Отец писательницы Сергей Фёдорович Долгинцев был преподавателем математики. Он с ранних лет занимался с дочерью, так что ничего удивительного нет в выборе Елены Сергеевны будущей профессии. Она стала учёным, профессором, автором учебников по теории вероятностей, пособий по решению прикладных задач, книг по теории игр, напечатанных под именем Елены Вентцель. Её муж Дмитрий Александрович Вентцель тоже был учёным, членом Академии артиллерийских наук, генерал-майором, занимался разработками в области внешней и внутренней баллистики, проводил эксперименты со стрелковым оружием и ракетной техникой. Двое из детей писательницы Татьяна и Александр стали математиками и работали в МГУ, а младший Михаил — военным инженером.
Откуда взялось литературное имя «Ирина Грекова»? Путь к псевдониму начался задолго до того, как первые строки будущих романов и повестей легли на бумагу. Он уходил корнями в самое сердце семьи, где слово было не просто средством общения. Ирина Грекова, как мы знаем из её воспоминаний, была воспитана в атмосфере глубокого уважения к литературе, где каждое слово имело вес и оттенок. Её отец, человек редкого обаяния и любви к слову, учил своих детей чувствовать язык, видеть в нём бесконечные возможности.
Имя «Грекова» вовсе не случайный выбор, в нём тонкий намёк на родственные связи, которые писательница бережно хранила. Отец Ирины имел родство с семьёй купцов Грековых, оставивших заметный след в истории, в том числе и в литературной среде. Возможно, именно эта близость с людьми, ценившими слово и культуру, и натолкнула будущую писательницу на выбор псевдонима. Он стал мостом между её личным мироощущением, сформированным на классических образцах, и памятью о предках, чьё влияние, пусть и косвенное, ощущалось в семейной атмосфере.
Если без имени прочесть фамилию, то разгадка псевдонима будет найдена. А если псевдоним прочитать иначе? Выходит, что «И.Грекова» содержит букву «игрек». В математике «игрек» обозначает неизвестную величину, которую надо вычислить. То есть выбор такого псевдонима не просто маскировка, а осмысленное решение. Он является отражением творческого пути и того самого «строительного материала» — слова, которое стало для Ирины Грековой смыслом жизни и путеводной звездой. Работая много лет в академии им. Н.Е. Жуковского, а затем в Московском институте инженеров транспорта, Елена Сергеевна Вентцель написала около семидесяти учебников и пособий. Они сочетают в себе глубину математических знаний с образцовым изложением материала и до сих пор остаются интересны и начинающим, и опытным специалистам. Математик Вентцель и писательница Грекова — одно лицо. По кругу своего общения она была представителем «технарей», но по душевному складу выходила «лириком».

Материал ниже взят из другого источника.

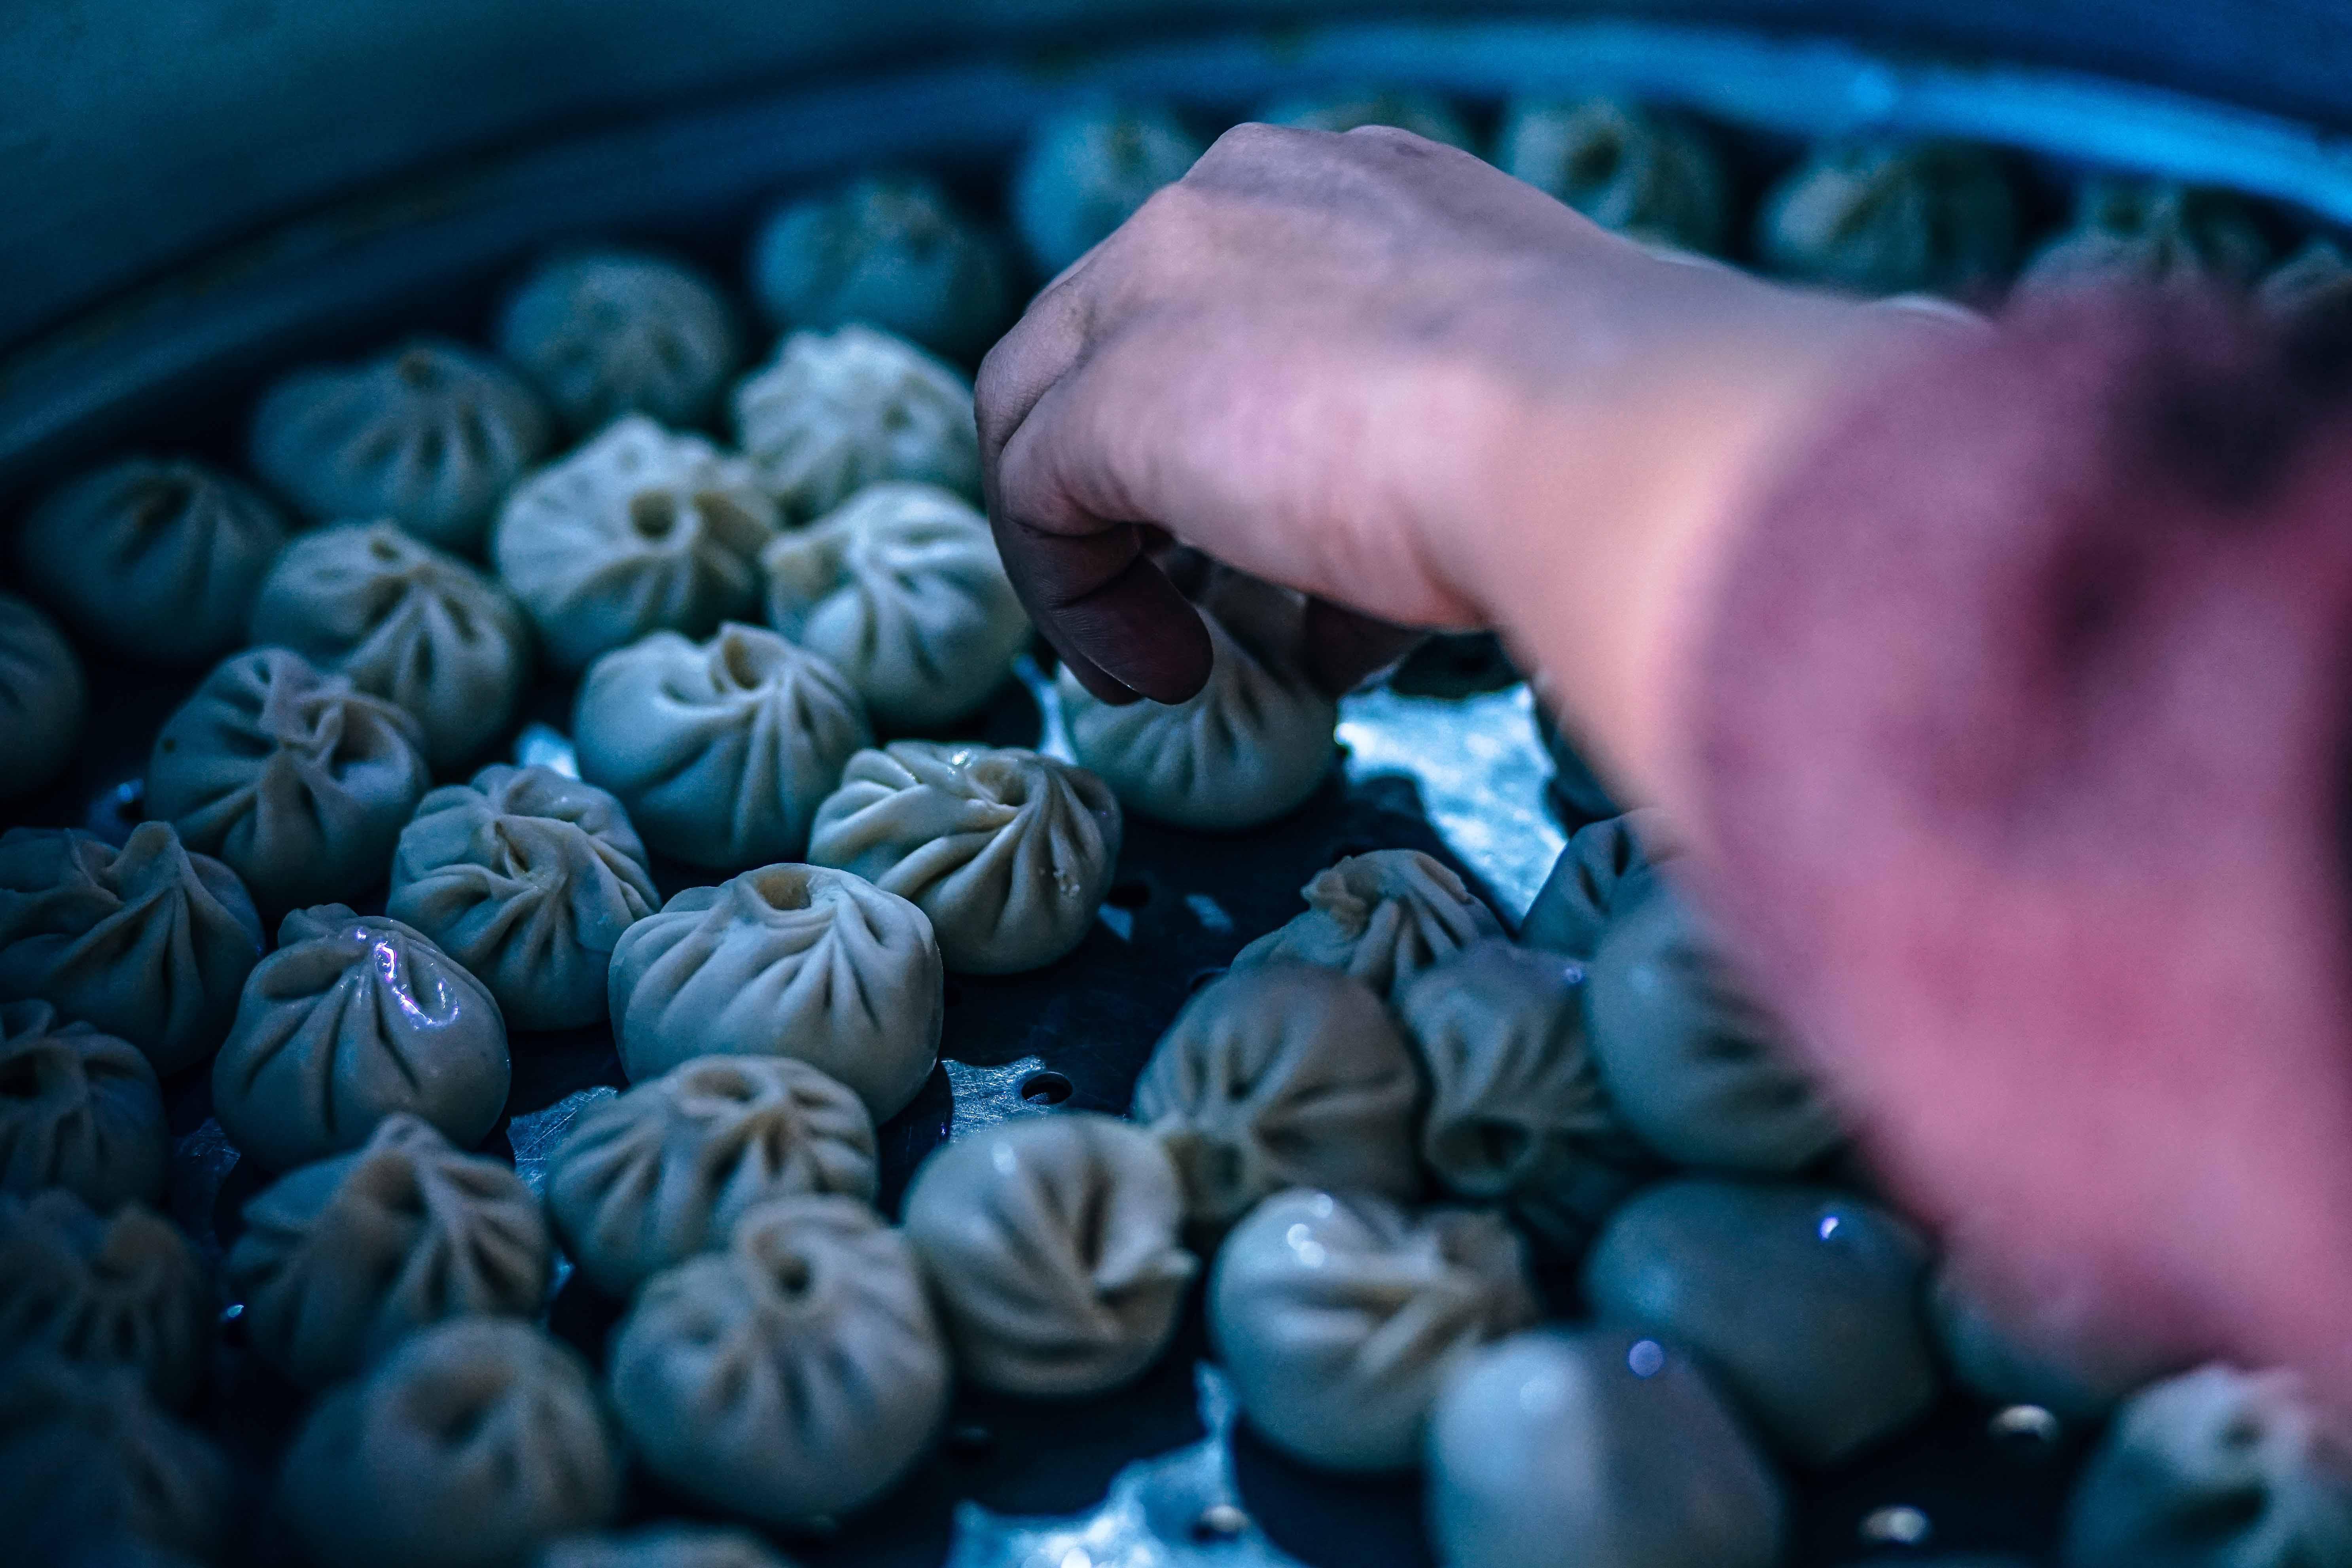 dumplings-3315963

Путь Ирины Грековой в большую литературу был неспешным, но закономерным, подобным медленному, но уверенному восхождению к вершине. После получения образования и начала трудовой деятельности, когда жизненный опыт обогатил внутренний мир, Ирина Грекова начала активно пробовать себя в литературном творчестве. Поначалу написанные рассказы и повести лежали «в столе» и читались узким кругом знакомых людей, но с начала 60-х годов и до конца 80-х годов стали понемногу печататься в разных издательствах. Читатели по достоинству оценили произведения «Вдовий пароход», «Хозяйка гостиницы», «Кафедра», «Дамский мастер». Эти книги, словно зеркала, отражали глубинные переживания и чаяния людей, делая их внутренний мир доступным и понятным.

Знакомство с воспоминаниями Ирины Грековой о детстве подобно открытию потайной двери в мир, где слово правит бал. Перед нами предстаёт хроника семейной жизни и вместе с тем глубокое исследование того, как литература формирует душу человека. С удивительной искренностью писательница делится тем, что для неё стало самым дорогим в этих воспоминаниях.

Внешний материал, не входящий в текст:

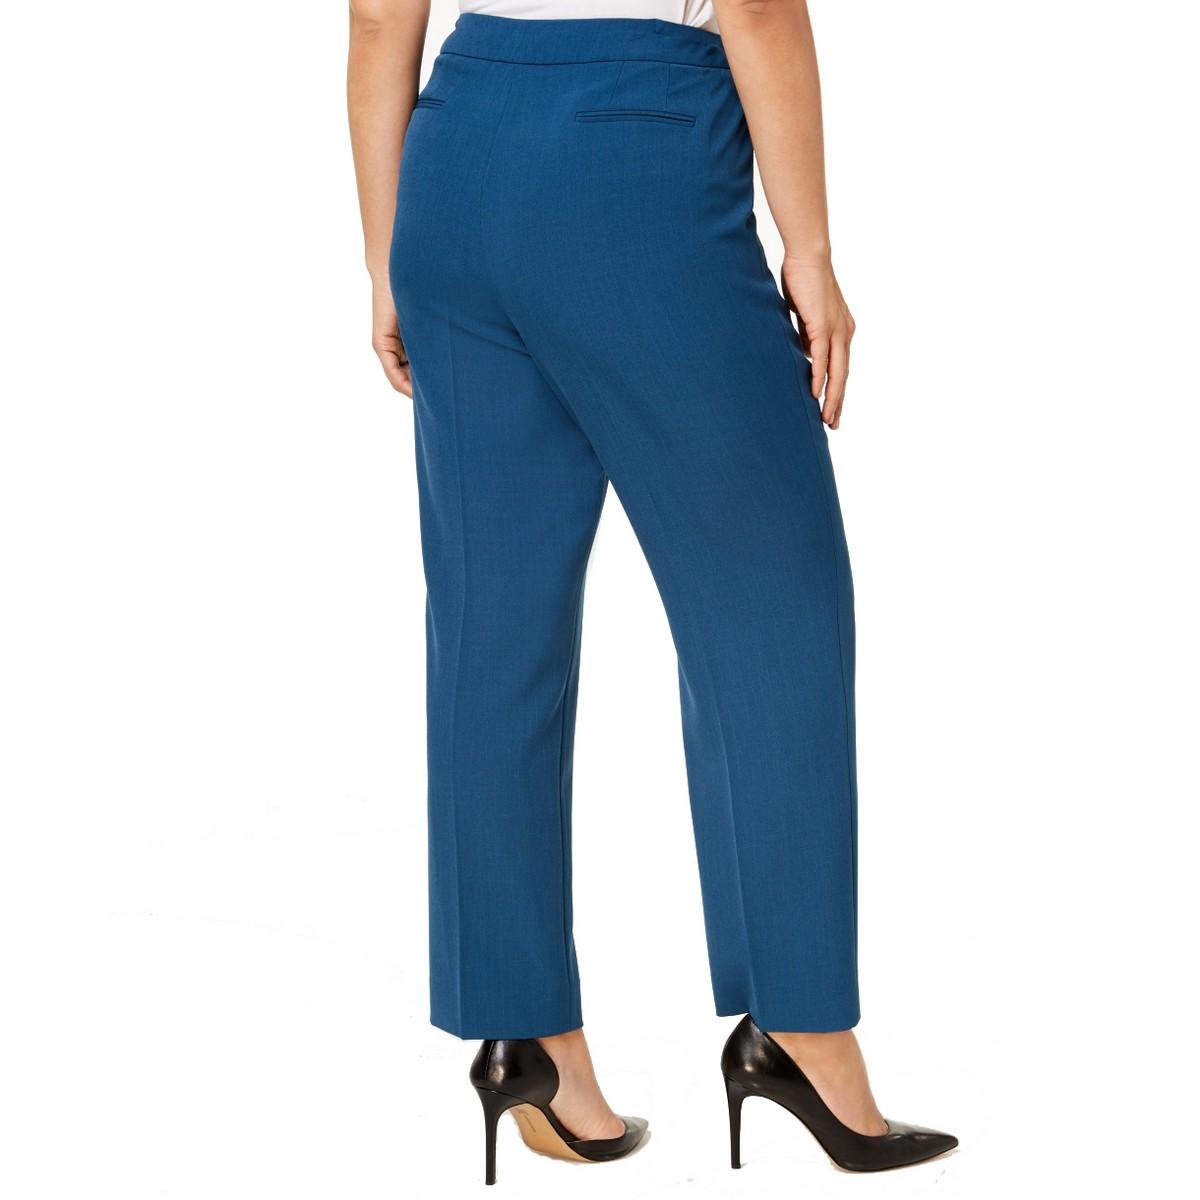 ANNE-KLEIN-NEW-Women-039-s-Plus-Size-Extended-tab-Dress-Pants-TEDO thumbnail 4

Отец, далёкий от литературной профессии, но обладающий гипнотическим обаянием и безграничной любовью к книгам, стал для своих детей проводником в мир великой русской литературы. Вечернее чтение вслух — традиция, ставшая настоящим ритуалом, священнодействием. Даже в самые суровые времена, когда вокруг царили голод, холод, разруха, отец находил силы и возможности, чтобы погрузить детей в волшебство слова. Отец читал при свете тусклой «коптилки», дрожа от холода, в перчатках, произведения Гоголя, Пушкина, Толстого, Достоевского. Образ отца стал символом несгибаемой силы духа и безмерной любви, которая способна преодолеть любые невзгоды.
Грекова подчёркивает, что отец не выбирал специально «детских» книг, а сразу вводил детей в мир русской классики. Он демонстрировал редкий педагогический такт, постепенно переходя от простого к сложному, поясняя смысл слов не столько объяснениями, сколько интонацией и выражением лица. Завораживающие образы и музыка слов, по мнению писательницы, были той основой, которая проявилась в её собственной писательской судьбе. Любовь к слову, пристальное внимание к его оттенкам и обертонам стали самым дорогим даром, определившим её жизненный путь.

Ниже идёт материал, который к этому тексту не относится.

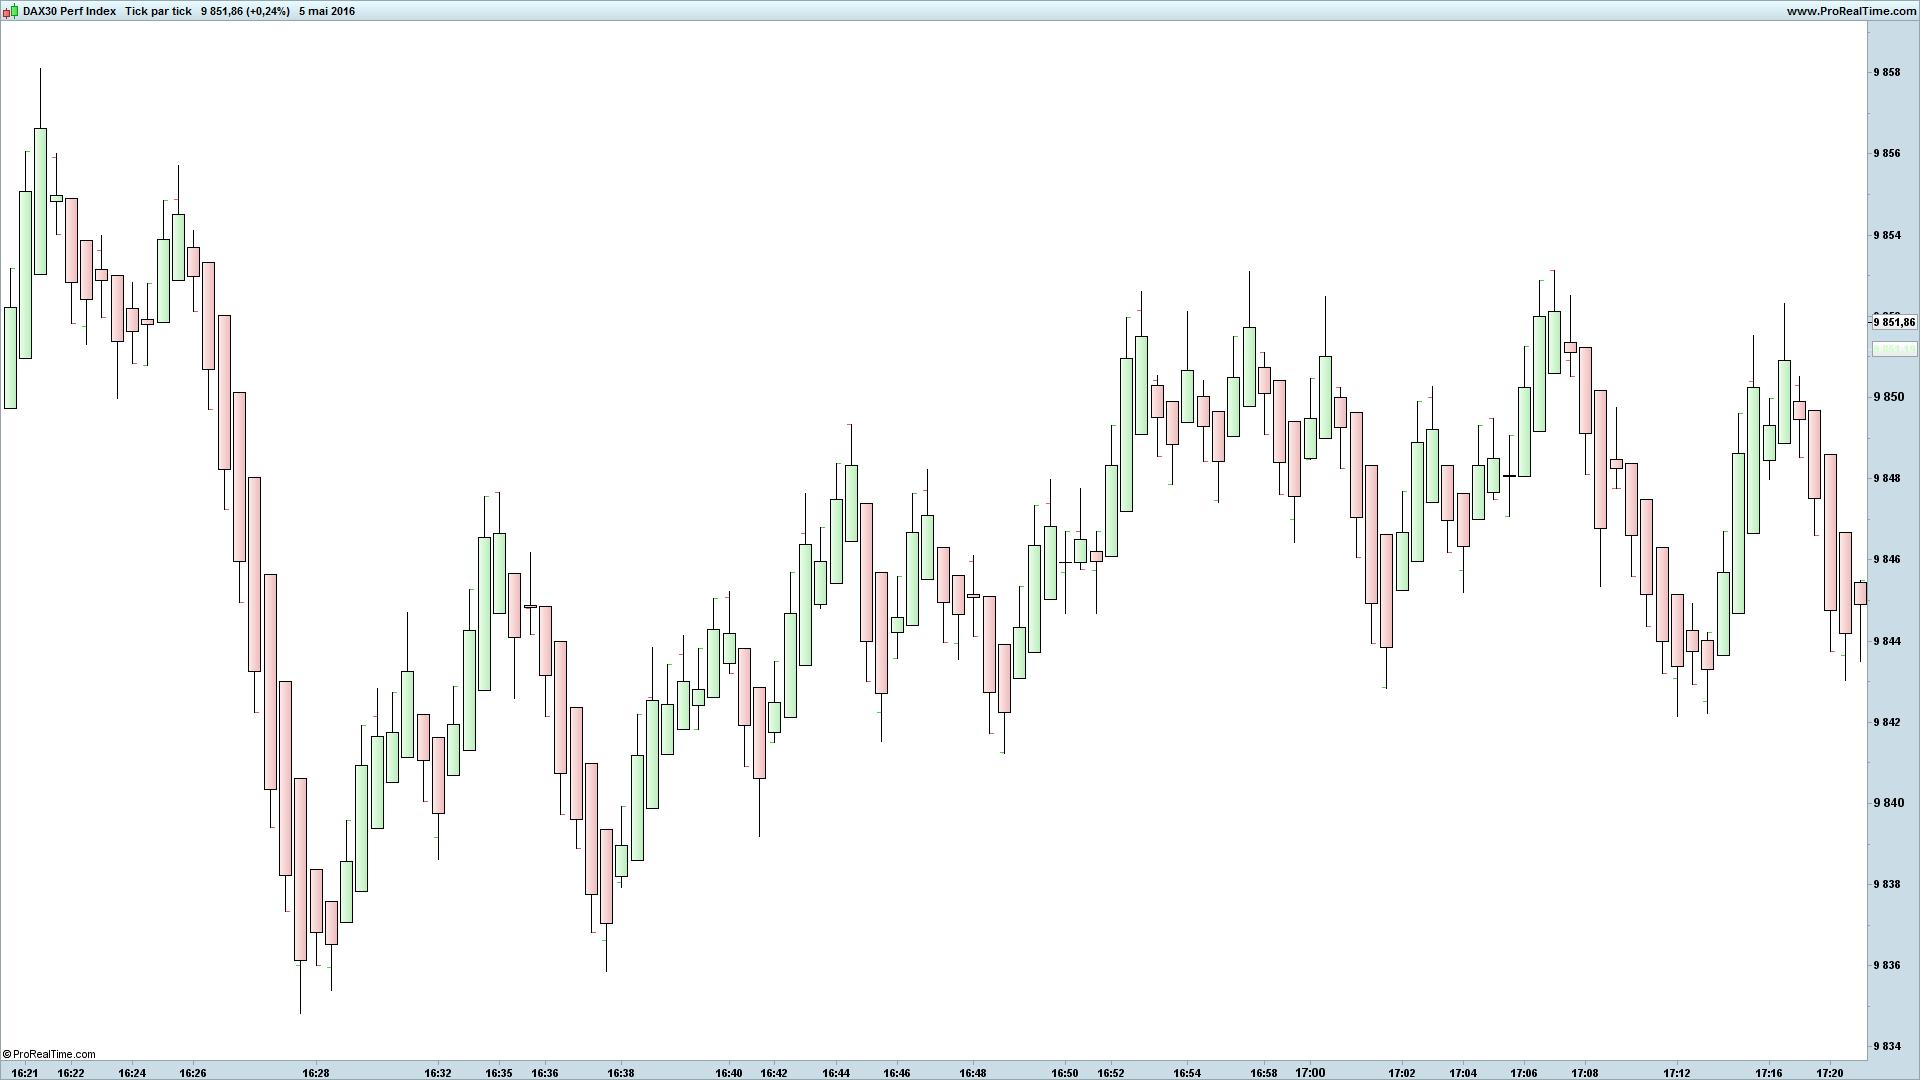 Index trading strategies

Грекова уверена, что юмор пронизывает всю жизнь, включая самые трагические моменты. В её детстве юмор не отделялся от «серьёзного» дела, он помогал справляться с бытовыми трудностями. Писательница называет смех благороднейшим видом человеческого поведения, противостоящим страху. Смеющийся человек возвышается над собой и становится неуязвимым для страхов. Отец, инсценировавший свой арест, предъявлял пример, как смех может стать опорой даже в кризисных ситуациях.
Особое место в семейном воспитании занимали «словесные игры», придуманные отцом. В этом развлечении они подбирали синонимы, находили неуместные слова, играли в «писателей», угадывали авторство известной фразы.
Старший брат Грековой сочинял басни, умело выстраивая сюжет и формулируя мораль. Даже его басня «Комар и муха», несмотря на некоторую вольность в употреблении слова «мораль», свидетельствовала о задатках литературного дара. А младший брат создавал устные стихотворения. Родители относились к этим детским творениям с серьёзностью и бережностью, не обижая детей за несовершенство придуманных текстов.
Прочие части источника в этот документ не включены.